Miguel Baptista Gran Peris, OFM (24 November 1620 - 11 September 1684), known as Blessed Bonaventura Gran or Fra Bonaventura of Barcelona, was a Catalonian Franciscan friar. He was beatified by Pope Pius X in 1906.

== Biography ==
He was born in Riudoms, Catalonia, on 24 November 1620 in a modest house in the street known as a Pocket Street (Carrer de la Butxaca in Catalan) and now has his name. After marrying at the age of 18 as his father wished, he was widowed in a few months. He entered the Franciscan convent of Sant Miquel d'Escornalbou and made religious profession on 14 July 1641, changing his name to Bonaventura. In the following years, he was sent to Mora d'Ebre, Figueres, la Bisbal d'Empordà and Terrassa, where another street has been named for him.
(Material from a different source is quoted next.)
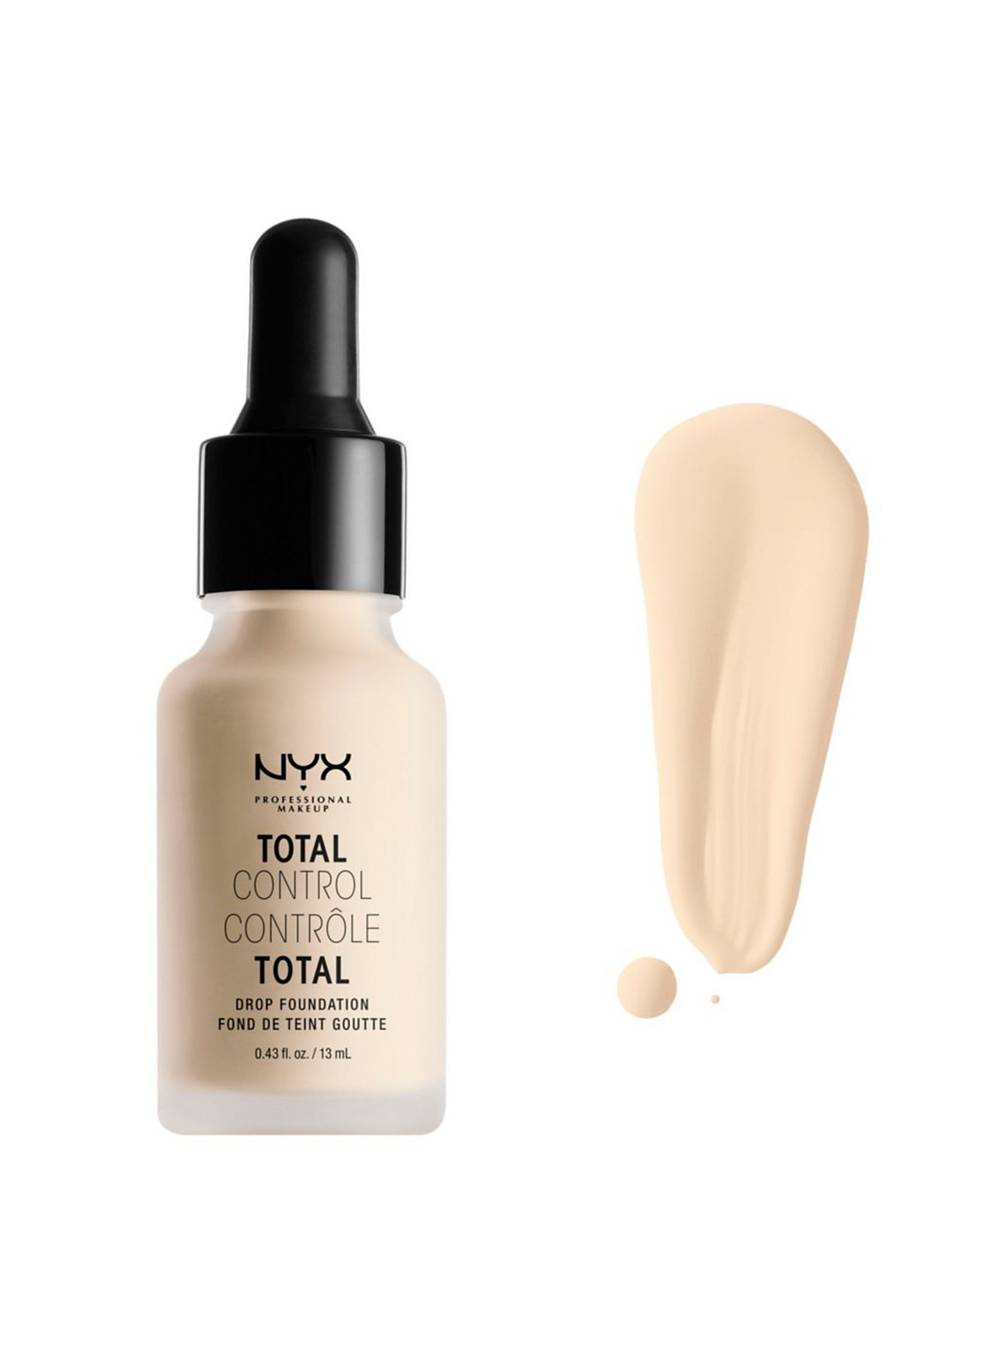 Nyx professional makeup base maquillaje total control pale (13 ml)

In 1658 he was sent to Rome where he founded Santo Retiro are four monasteries in the province of Rome, including San Bonaventura al Palatino. He was an adviser to four popes: Alexander VII, Clement IX, Clement X and Innocent XI. In Rome in 1662 he founded the Riformella, a reform movement within the Reformed Order of Friars Minor of the Strict Observance, so the monks and Franciscan priests who dedicated themselves to the apostolate could gather in meditation and spiritual retreat, living the founding spirit of the Franciscan order.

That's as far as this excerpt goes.